▸ **Problem**
Transcribe the stretch of entries below from the line with "Dunlop SLS1031N Комплект" through the line with "Los migrantes hondureños", exactly and with both ends included; leave out all other lines.

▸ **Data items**
____
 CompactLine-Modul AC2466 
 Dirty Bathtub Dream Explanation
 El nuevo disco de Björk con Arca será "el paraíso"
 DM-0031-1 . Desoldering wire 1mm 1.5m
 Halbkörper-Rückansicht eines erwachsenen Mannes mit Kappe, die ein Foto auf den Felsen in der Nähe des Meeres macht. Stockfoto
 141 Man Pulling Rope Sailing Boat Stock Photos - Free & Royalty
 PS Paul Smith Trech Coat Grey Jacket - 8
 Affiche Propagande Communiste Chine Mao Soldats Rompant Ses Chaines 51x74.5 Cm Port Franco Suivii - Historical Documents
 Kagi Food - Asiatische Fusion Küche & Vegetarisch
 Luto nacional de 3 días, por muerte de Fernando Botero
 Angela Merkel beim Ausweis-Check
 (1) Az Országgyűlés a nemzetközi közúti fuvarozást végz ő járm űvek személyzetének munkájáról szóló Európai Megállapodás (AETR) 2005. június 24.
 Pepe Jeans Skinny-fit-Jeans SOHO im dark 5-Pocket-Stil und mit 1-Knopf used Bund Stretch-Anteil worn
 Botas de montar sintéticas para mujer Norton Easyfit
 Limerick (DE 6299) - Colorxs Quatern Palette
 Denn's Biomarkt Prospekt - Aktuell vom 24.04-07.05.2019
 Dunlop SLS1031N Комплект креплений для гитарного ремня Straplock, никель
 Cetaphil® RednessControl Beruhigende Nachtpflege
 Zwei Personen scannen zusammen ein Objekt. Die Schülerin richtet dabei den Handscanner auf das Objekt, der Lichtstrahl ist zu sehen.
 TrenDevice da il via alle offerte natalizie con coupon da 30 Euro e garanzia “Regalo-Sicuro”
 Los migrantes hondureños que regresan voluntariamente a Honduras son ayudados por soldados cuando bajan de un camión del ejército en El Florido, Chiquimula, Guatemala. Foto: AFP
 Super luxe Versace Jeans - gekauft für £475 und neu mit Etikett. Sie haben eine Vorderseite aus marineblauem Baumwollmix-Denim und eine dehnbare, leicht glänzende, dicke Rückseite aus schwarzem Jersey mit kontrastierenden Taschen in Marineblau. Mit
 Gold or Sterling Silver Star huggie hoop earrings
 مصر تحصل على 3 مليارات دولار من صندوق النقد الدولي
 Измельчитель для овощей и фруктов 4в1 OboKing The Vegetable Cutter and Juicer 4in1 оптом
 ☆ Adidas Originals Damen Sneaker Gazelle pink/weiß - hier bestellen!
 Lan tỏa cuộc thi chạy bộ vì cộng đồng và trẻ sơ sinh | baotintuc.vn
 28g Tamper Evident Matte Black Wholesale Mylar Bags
____
▸ **Result of the exercise**
 Dunlop SLS1031N Комплект креплений для гитарного ремня Straplock, никель
 Cetaphil® RednessControl Beruhigende Nachtpflege
 Zwei Personen scannen zusammen ein Objekt. Die Schülerin richtet dabei den Handscanner auf das Objekt, der Lichtstrahl ist zu sehen.
 TrenDevice da il via alle offerte natalizie con coupon da 30 Euro e garanzia “Regalo-Sicuro”
 Los migrantes hondureños que regresan voluntariamente a Honduras son ayudados por soldados cuando bajan de un camión del ejército en El Florido, Chiquimula, Guatemala. Foto: AFP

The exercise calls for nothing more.